I hoped it was just a flat battery, but it was not.
Many people ask me about tips on how to repair electronics, so I decided to write about how I fixed my drone.
Before I could fix my drone, I had the to find the root of the problem. One motor was not running, why?
I started by carefully unscrewing all the screws to open the chassis.
When I opened the chassis I got an immediate positive surprise. Do you see it?
One of the wires of the motor that was not working was loose!
Wow, I couldn’t believe it would be so easy.
“Now I can just quickly solder the wire back on and everything will be fine”, I thought.
Unfortunately, it turned out to be more complicated….
I resoldered the loose wire and connected the battery. Without even turning on the power button, the motor I had “fixed” started spinning like crazy.
It turned out the loose wire was not the problem. It definitely was a problem, but resoldering it did not repair my drone.
What to do?
My experience from building electronics was about to become very useful…
When I build a new thing, 4 out of 5 times it does not work on the first try. One of my strategies for finding faults is to measure voltages around the board.
From my circuit diagram I can select important points in the circuit that I need to check. Two obvious points to check is Vcc (or the plus connection) and ground (the minus connection in most cases).
Other important points depends on the circuit, but could be the control signal to a transistor, the state of an output pin from a integrated circuit, and more.
Unfortunately, it’s not common that manufacturers of electronics give the circuit diagram for their products to the end-user. So I did not have a circuit diagram for the drone.
One thing I did have though was three working motors. By measuring the voltage on the wires of the other motors, I would know what to expect from the non-working motor. I also had plus and minus connections that I could measure to see if they had the correct voltages.
For a motor to have current running through it, it needs to have a voltage drop. That is, the voltage on one side must be higher than the voltage on the other side.
Since the power button was set to off, the correct behavior of the motors would be to not run. I measured the voltages and the working motors had the same voltage as the plus connection on both wires, so they were not running.
Then I measured the non-working motor (which was running at full speed), and it turned out that the one wire that had been loose now had a voltage of 0 volt. While the other wire had the same voltage as the plus connection.

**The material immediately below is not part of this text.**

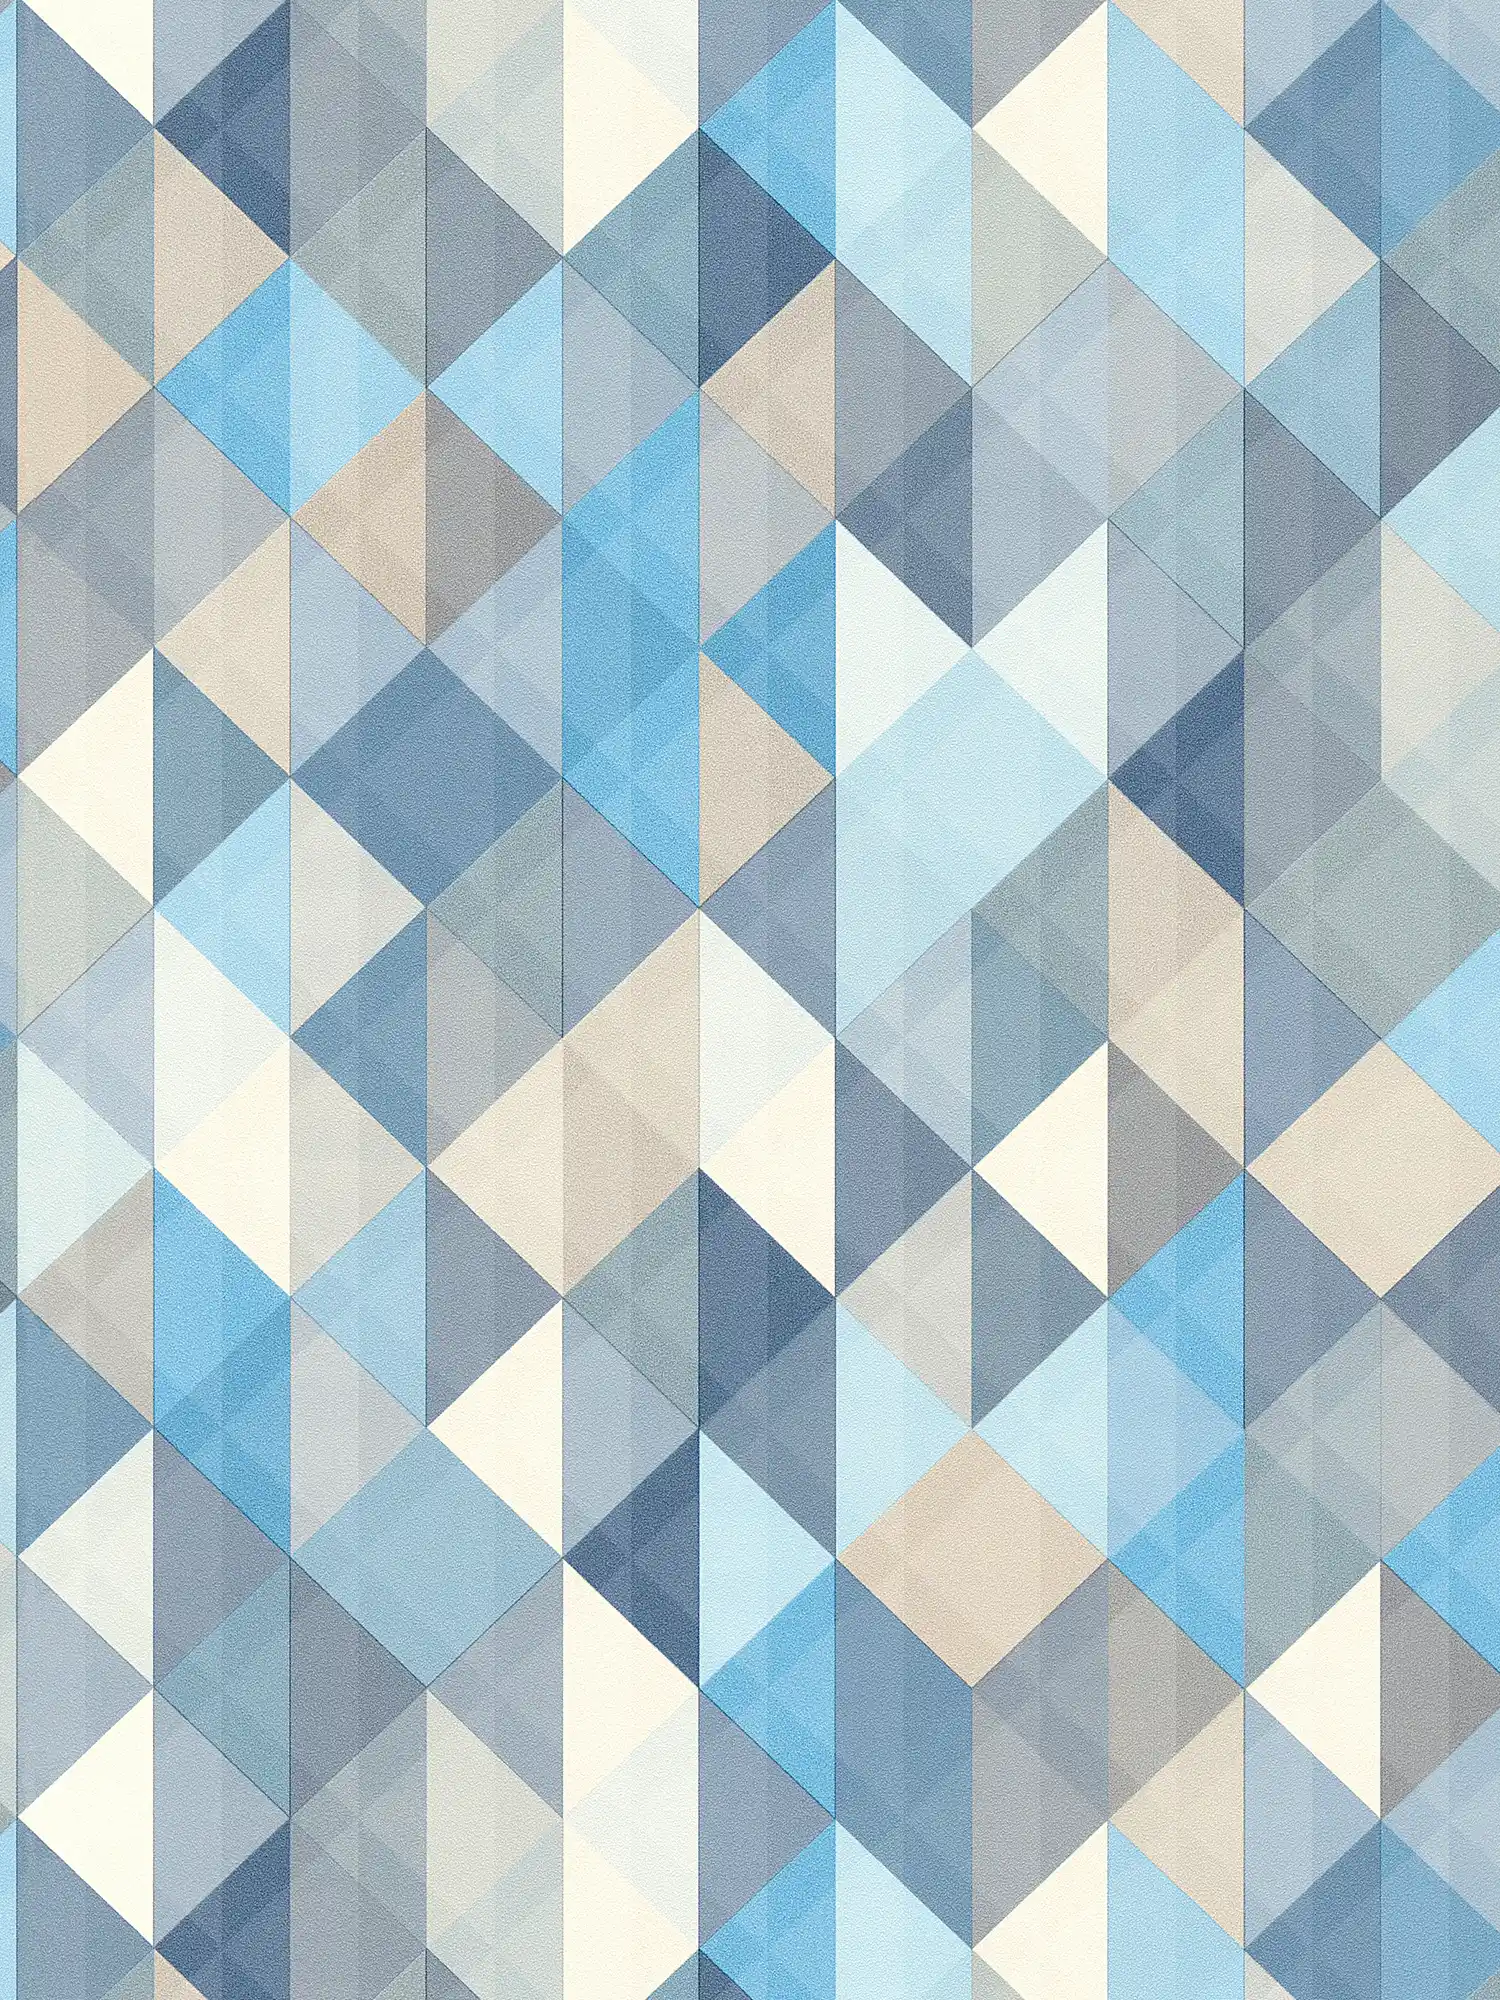 Carta da parati in stile scandinavo con motivi geometrici - blu, grigio, beige
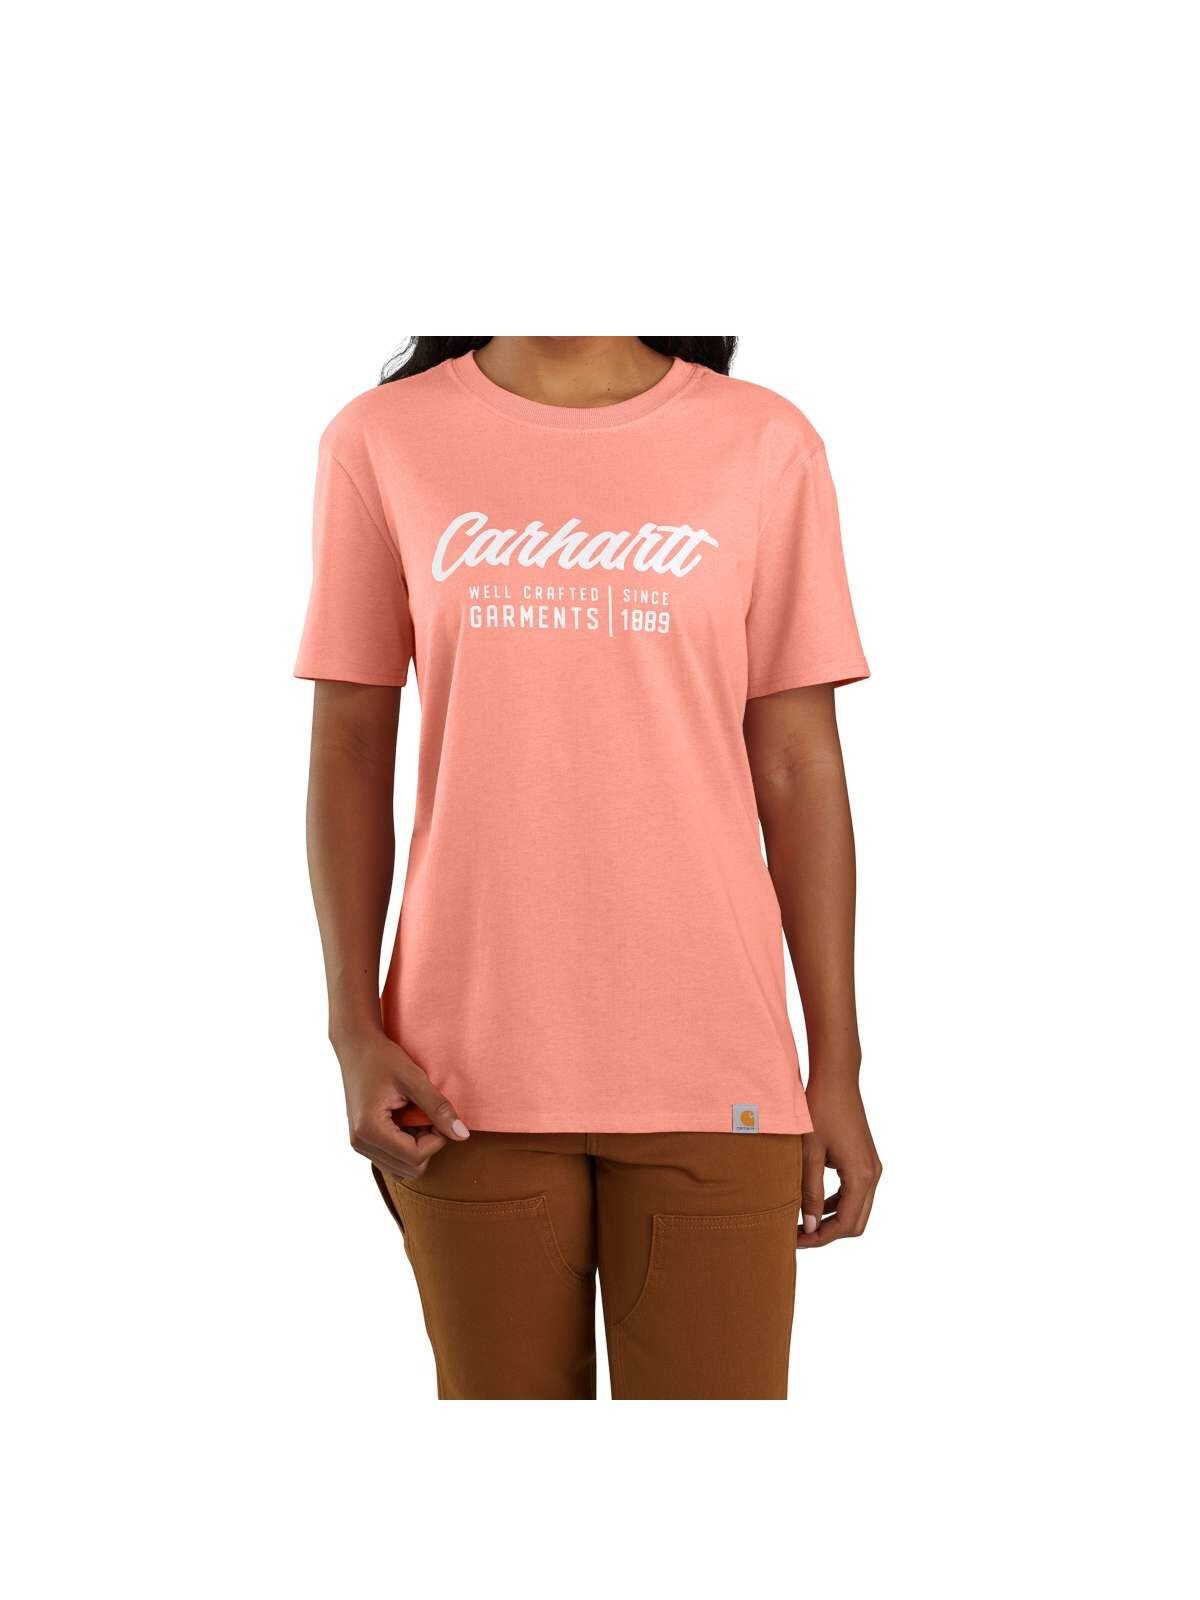 T-shirt Carhartt hibiscus T-Shirt Carhartt heather Graphic

It was like connecting the two motor wires directly to the power source. No wonder the motor was running at full speed!
I had peeled off another layer in my search for the real problem. The voltage at one of the wires of the problem-motor was at 0V, but should have been at the same voltage as the plus. Why?
Some ideas I came up with were:
I quickly ruled out the calibration theory. The motor was spinning even when the power switch was off. I didn’t see any way this could have something to do with calibration.
A very common method to control brushed DC motors is to use a MOSFET transistor. So, I drew up a simple schematic diagram for this:
Assuming that the motor control of my drone was designed like above, I could think of two potential problems:
(*) Shorted or a short-circuit is an unintentional connection between two point.
Before I could investigate these theories further, I had to confirm that the circuit I drew above was correct.
To do that, I used the continuity tester function on my multimeter to find which components were connected to the motor. I quickly found that the problem-wire of the motor was connected to an integrated circuit with the markings “9926”.
I googled around and found a datasheet. Turns out it’s a chip with MOSFET-transistors. And I was able to verify that it was connected as my circuit above. Bingo!
Next, I used my continuity tester to measure between gate and ground. The test showed positive. That meant there was a short-circuit. I checked the other motors, none of them had this.
One of my theories was that the resistor connected between gate and ground was broken. Since this was the easiest theory to test out, I desoldered the resistor and measured again.
Still a short-circuit.
That could only mean that the chip was broken.
I found a replacement chip on Element14 and ordered it. The chip cost $1. Shipping cost $30. Ah!
Anyway, the chip arrived about one week later. I desoldered the old chip and resoldered the new chip. Then I added the 10k resistor that I had removed.
Voila! The drone works again!!
In short, here’s my recommended method on how to repair electronics:
As mentioned, having experience building electronics is very useful when figuring out how to repair electronics. If you want to get started, I have several books and courses you can check out in the resources section.
Have you ever repaired electronics? What would you like to repair? Use the comment field below and let me know your experience and questions.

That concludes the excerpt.